USA wheelchair basketball women

Standouts on the U.S. women's basketball team include, from left, Desiree Miller, Becca Murray and Caitlin McDermott, an Ardrey Kell High School graduate. (Chris Hunt/


The National Wheelchair Basketball Association (NWBA) will hold the first-ever International Tournament of Champions in the Lake Norman area this week, Wednesday to Saturday, Aug. 10-13. More than 250 of the world’s elite wheelchair basketball players arrived last weekend and began training in high and middle school gyms from Huntersville to Mooresville.

Seven men’s and five women’s international squads are here, including the top four finishers from the men’s and women’s 2008 Paralympic Games in Beijing. Tournament director Dick Bryant, a Charlotte resident who also serves as president of the NWBA, said the International Tournament of Champions allows the best of the best to fine tune their skills on the hardwood in preparation for next summer’s 2012 Paralympic Games in London.
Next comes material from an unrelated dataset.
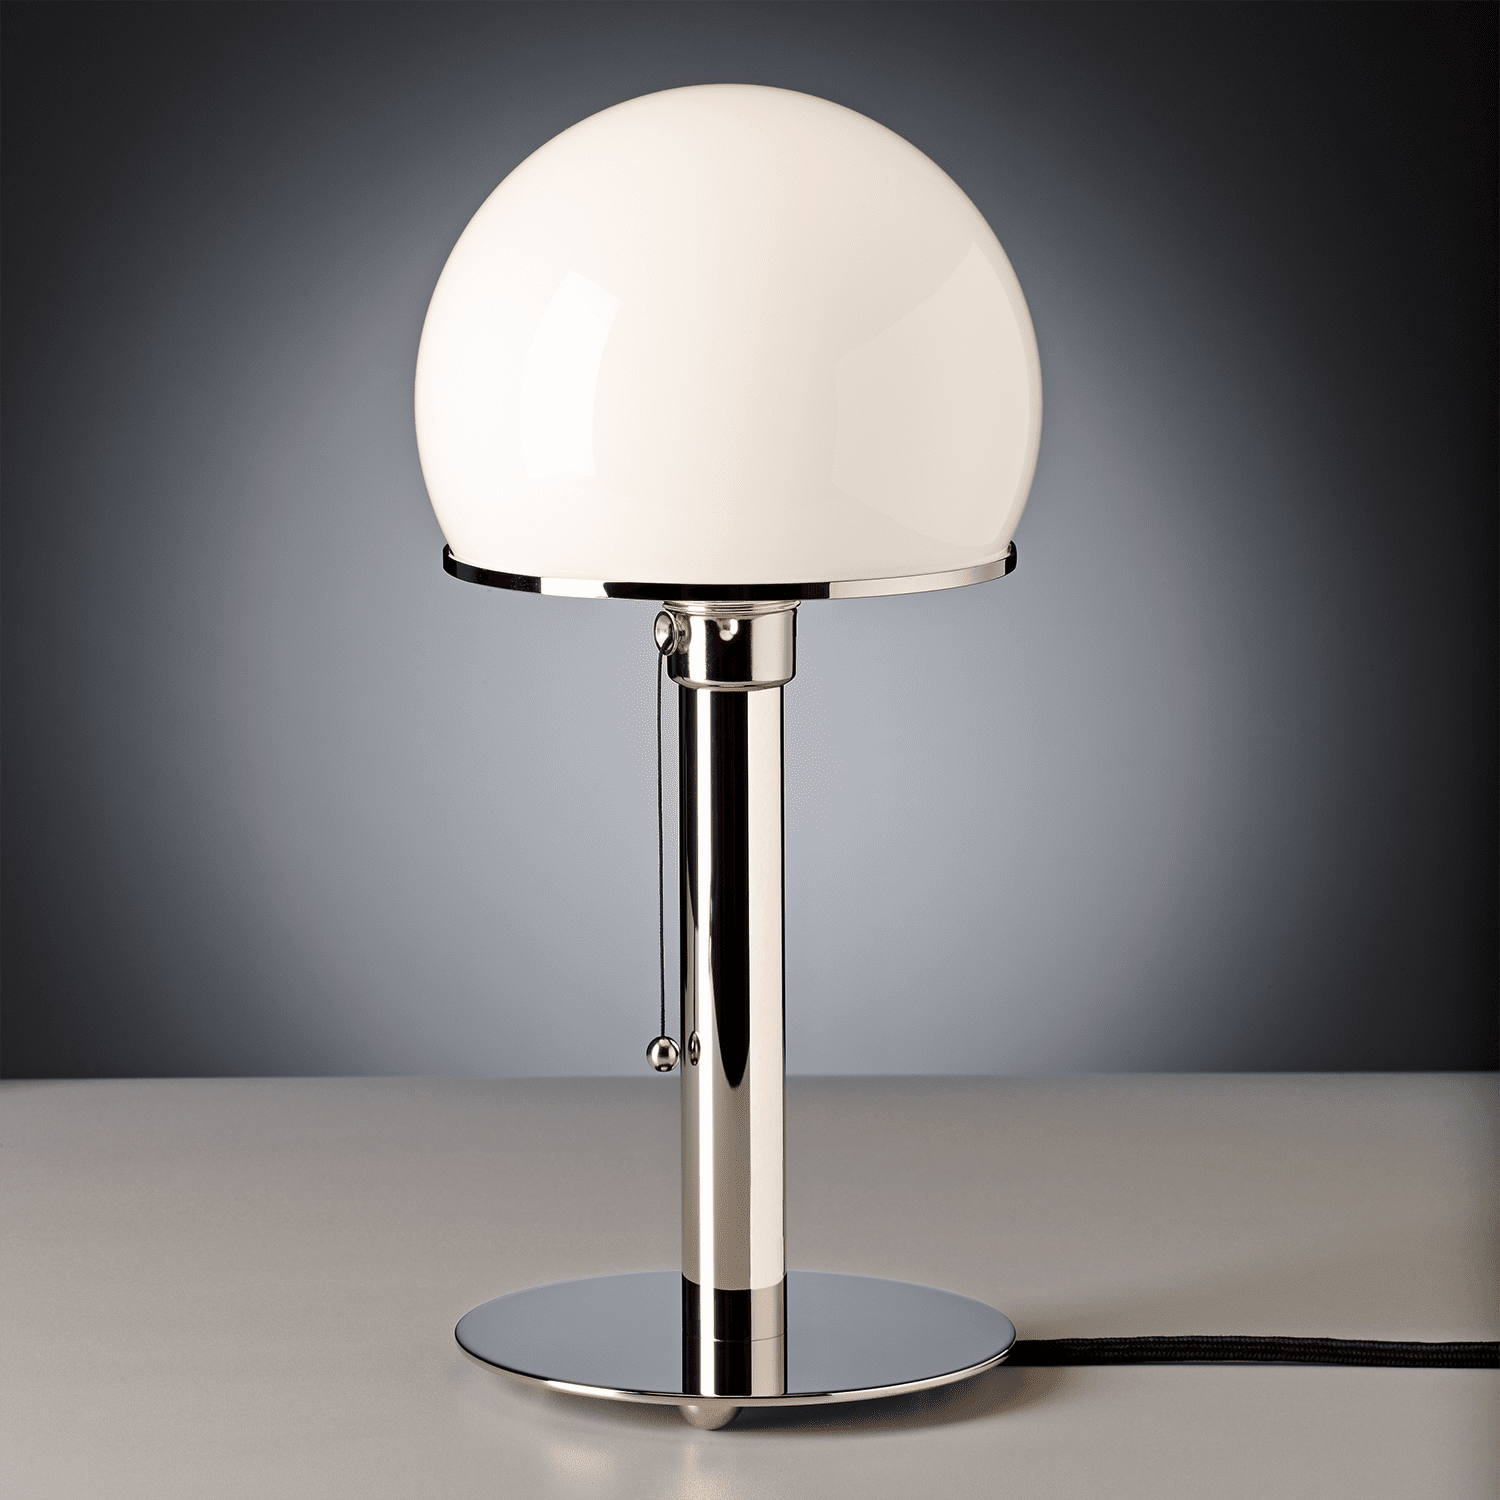 Bauhaus Wagenfeld Lamp Wa 24 By, 36 High Table Lamps
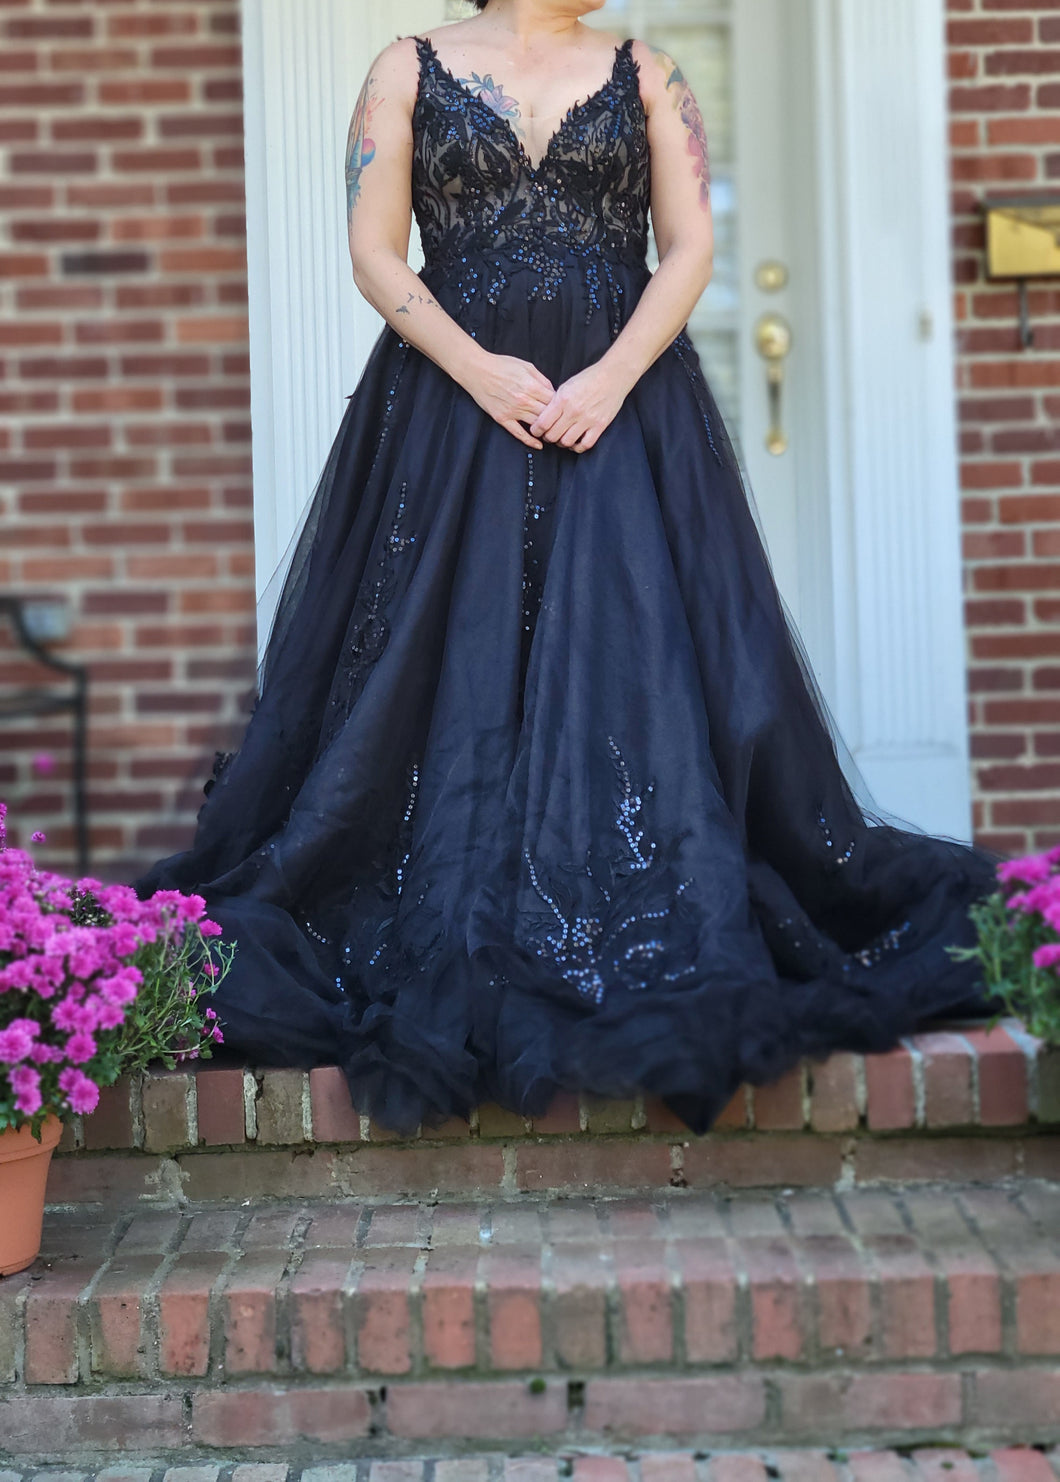 Brides & Tailor 'Black Lace Ball Gown Wedding Dress'

“This is a ‘friendly’ tournament that gives our athletes the opportunity to train against the best competition in the world,” Bryant said. “The concept of the event is to combine a week’s worth of practice and high level competition at the same time. It is a prelude to what we will see in the 2011 Paralympics.”


There are few differences between wheelchair basketball and what International Tournament of Champions participants know as “able-bodied basketball.”

Both games are played on the same sized court under two 10-foot baskets. The rules are similar, with the exception of equipment regulations – such as a player’s wheelchair seat can’t exceed 21-inches above the ground – or instead of three seconds in the lane, wheelchair basketball players can take four seconds.

For the most part, that’s where the differences end between the two sports.

Wheelchair basketball players can be called for traveling if the player in possession of the ball pushes his or her wheel(s) more than twice in either direction without dribbling, passing or shooting the basketball. And, since the wheelchair is considered part of the player, standard basketball rules of contact such as charging, blocking and fouling a shooter apply. Even free throws are taken – and made often – from the standard distance.

But the threat of a referee’s whistle doesn’t stop wheelchair basketball players from crashing their chairs during a game. Players often throw their chariots in front of speeding opponents to slow an adversary’s momentum or set a pick on a defender.

The result of such collisions is that wheelchair basketball just might be as physically demanding on its participants as its high-flying counterpart. After a made or missed basket, teams can press an opponent in the backcourt or hustle their chairs back on defense to protect the basket. Games are intense and action-packed.

“The thing that surprises everyone is how physical the game really is,” said David Kiley, the U.S. women’s coach. “There’s so much grinding on the court.

“I was asked earlier what it could be compared to and I said, ‘It’s kind of like NASCAR where you are swapping paint – bumping and grinding – but then at times it’s just a beautiful, finesse game of teamwork.’ (The sport) takes people by surprise – when they see someone bomb a three-pointer or get knocked to the floor and pop right back up.”

The tournament couldn’t come at a better time for the American wheelchair basketball team. Team USA men’s coach Jim Glatch said he has been using the week to evaluate his 18-man squad. The U.S. must settle on a 12-man roster before Parapan American Games, which will be held in Guadalajara, Mexico, Nov. 12-20. The Parapan American Games serves as a qualifier for the London Paralympics.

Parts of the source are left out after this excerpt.